# Good year sawing



## Mizer (Mar 11, 2010)

I hope this does not come off as bragging. Since most people reading the milling section are either sawing on a small mill or are interested in it I am hoping you can be encouraged that you can indeed make a living with a band mill. I just received my report from the folks that I saw for and my little WM LT 40HDE25 sawed 1.5 million Bdft last year. That averages out to around 600-700 bdft an hour. This is pretty close to my average year and I have been doing it for the last fifteen years.

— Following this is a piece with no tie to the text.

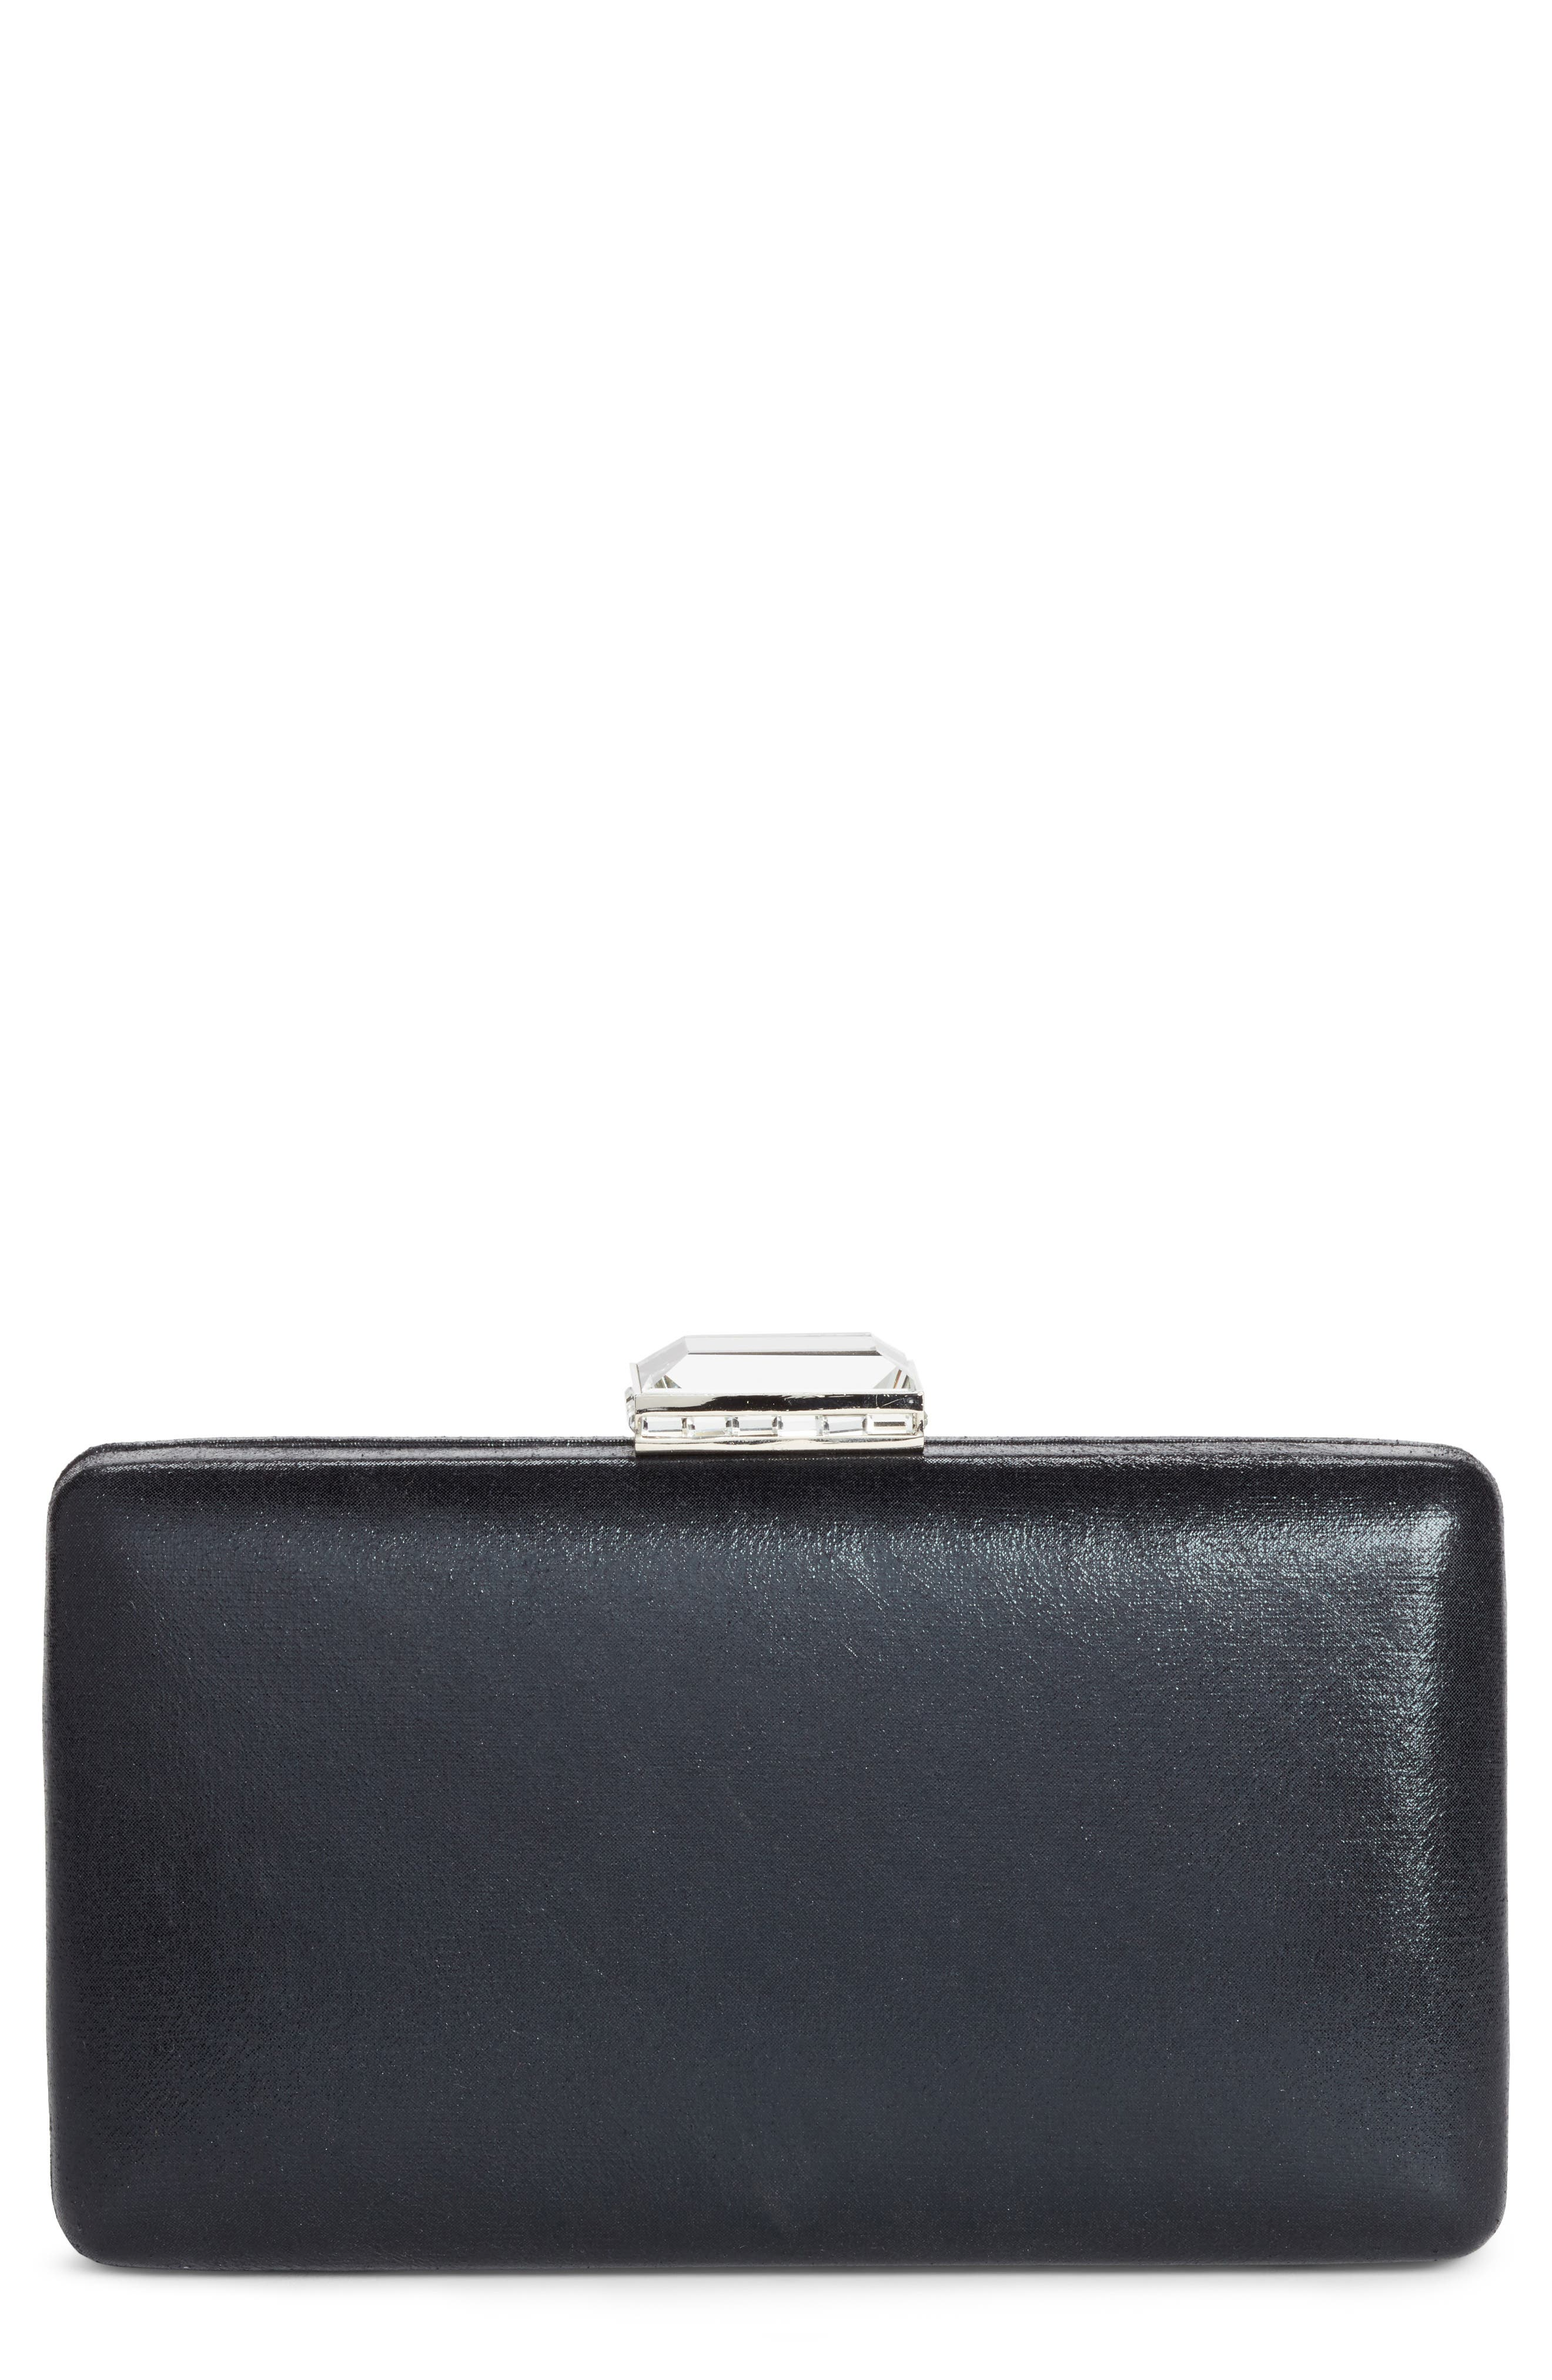 Metallic Box Clutch,                         Main,                         color, BLACK

I am now deflating my puffed up chest and stepping back out into the ankle deep mud that awaits me outside of my pickup truck/office.


----------



## Daren (Oct 14, 2006)

That's mucho bft :yes:

Drop a zero (who am I kidding, drop a couple :laughing and that's my ballpark.





.


----------



## Mizer (Mar 11, 2010)

It is all relevant to what works for you though. I would be happy to drop a few zeros off of that myself as long as I could make a living. I have to get that kind of production because of the rate that I make per bdft. I am trying to build up a few other woodworking routes so hopefully in a few years I can back down from saw-milling as being my primary income source. Stress about did me in this summer/fall with a pretty bad ulcer.


----------



## TexasTimbers (Oct 17, 2006)

Mizer said:


> I hope this does not come off as bragging . . . my little WM LT 40HDE25 sawed 1.5 million Bdft last year.

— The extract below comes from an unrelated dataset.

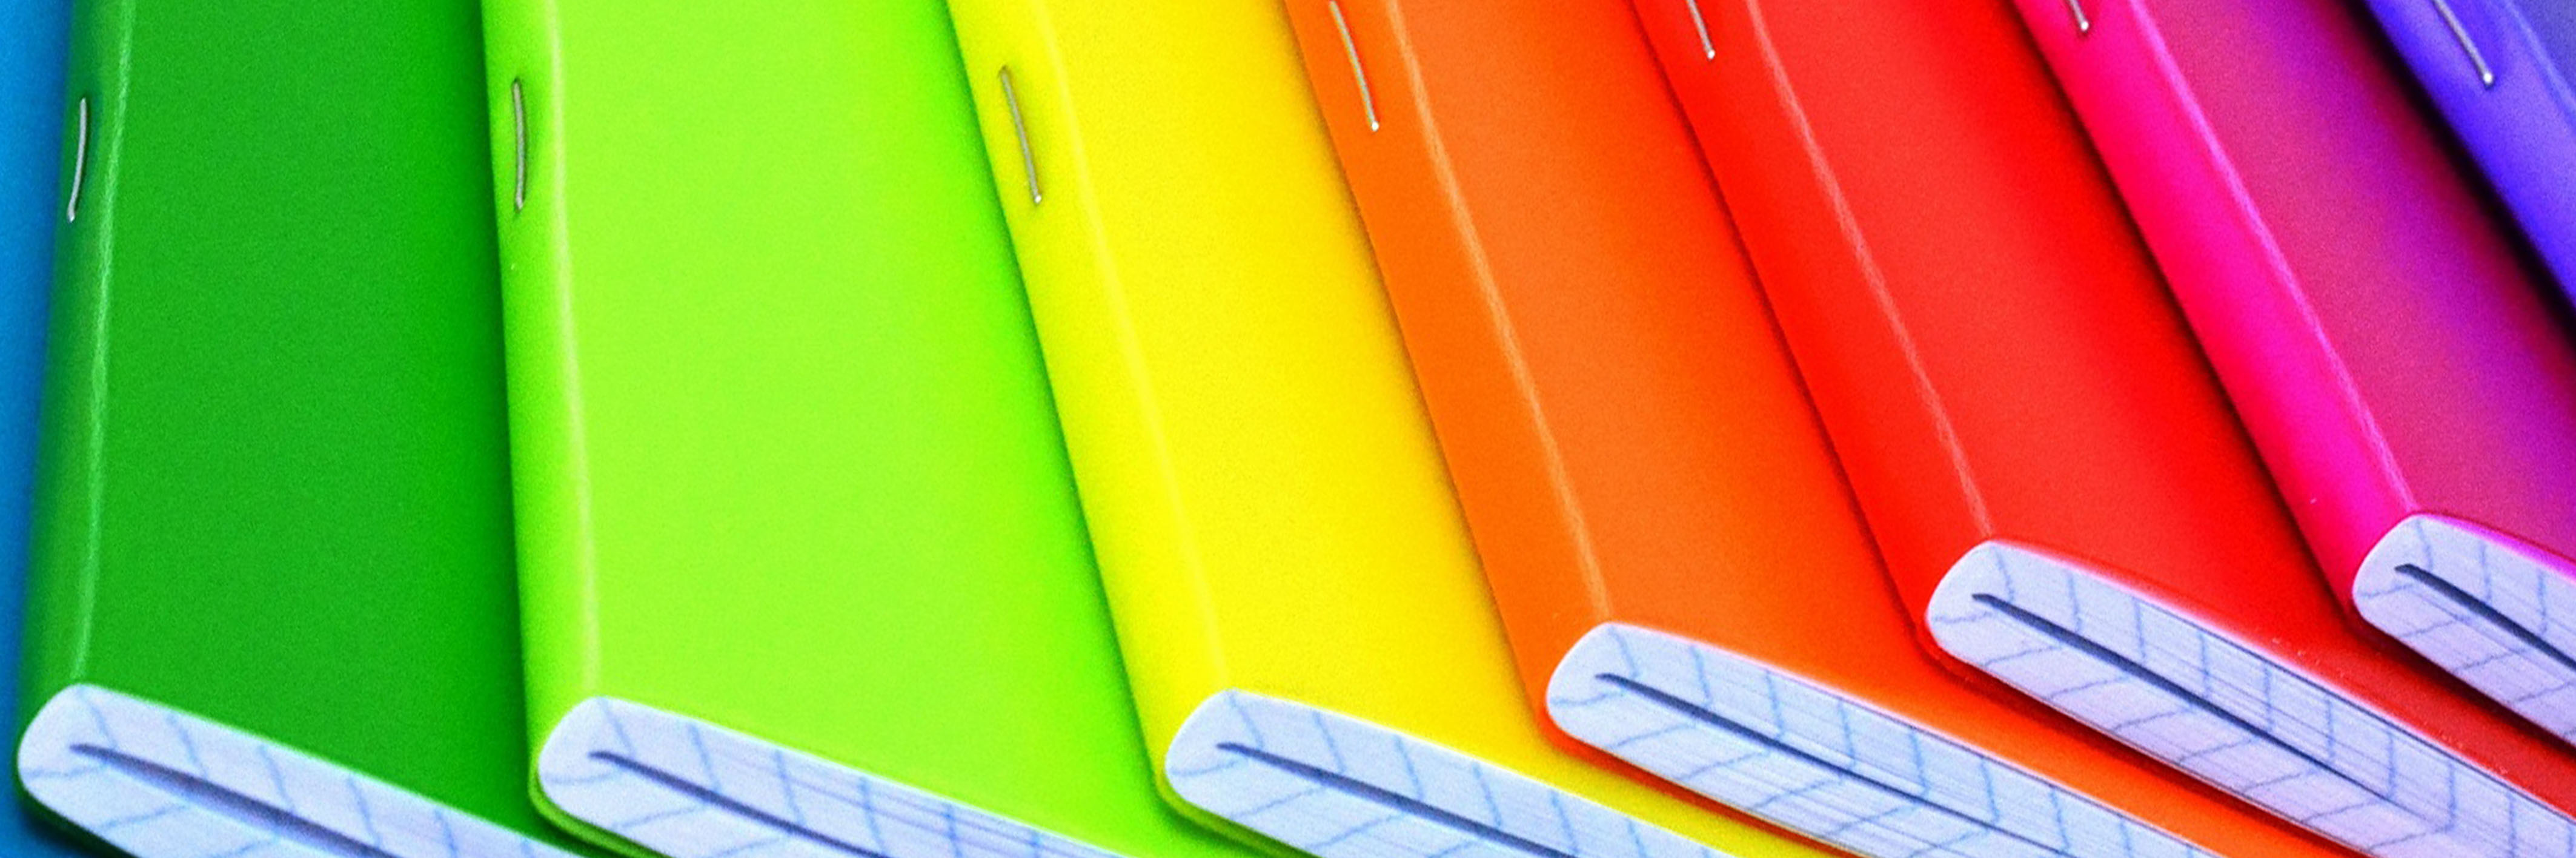 colour_books_background

I think the operator had more to do with it than the mill. It ain't bragging if you did it! That's something to be puffed up about. 



Mizer said:


> . . . Stress about did me in this summer/fall with a pretty bad ulcer.


Hey I have one of those too! Have had since I started running two companies. :yes: It's one of the reasons I'm getting out of milling this fall as well. 

Congrats on your achivements. I hope you let WM know so you can be in their 10 million BF Club, or have you passed 15 mil? I wouldn't doubt that you have. :thumbsup:




.


----------



## Mizer (Mar 11, 2010)

I think I am well past 15 million. I didn't know they had a 10 million bdft club, are you serious?


----------



## TexasTimbers (Oct 17, 2006)

I don't know that there's a 10 mil club - there's the million club but I just kind of figured there may be. I do know they are always on the lookout for spotlight articles though where guys have cut as many BF as you have and your story is tailor made for just such an article. 15 to 20 million BF is something very very few sawyers achieve, especially on a small band saw like ours. Not necessarily because the saw can't do it, but usually because the sawyer doesn't last that long. :no:

If it's cool with you I'll contact them about it and if they're interested I'll give them your email and y'all can go from there. Not that you couldn't do it yourself but with a 3rd party reference sometimes it gets more interest. It's my idea so it isn't like you're being self serving. Cool with you? 





.









.


----------



## Mizer (Mar 11, 2010)

:cool2:: with me


----------



## Daren (Oct 14, 2006)

Mizer said:


> It is all relevant to what works for you though.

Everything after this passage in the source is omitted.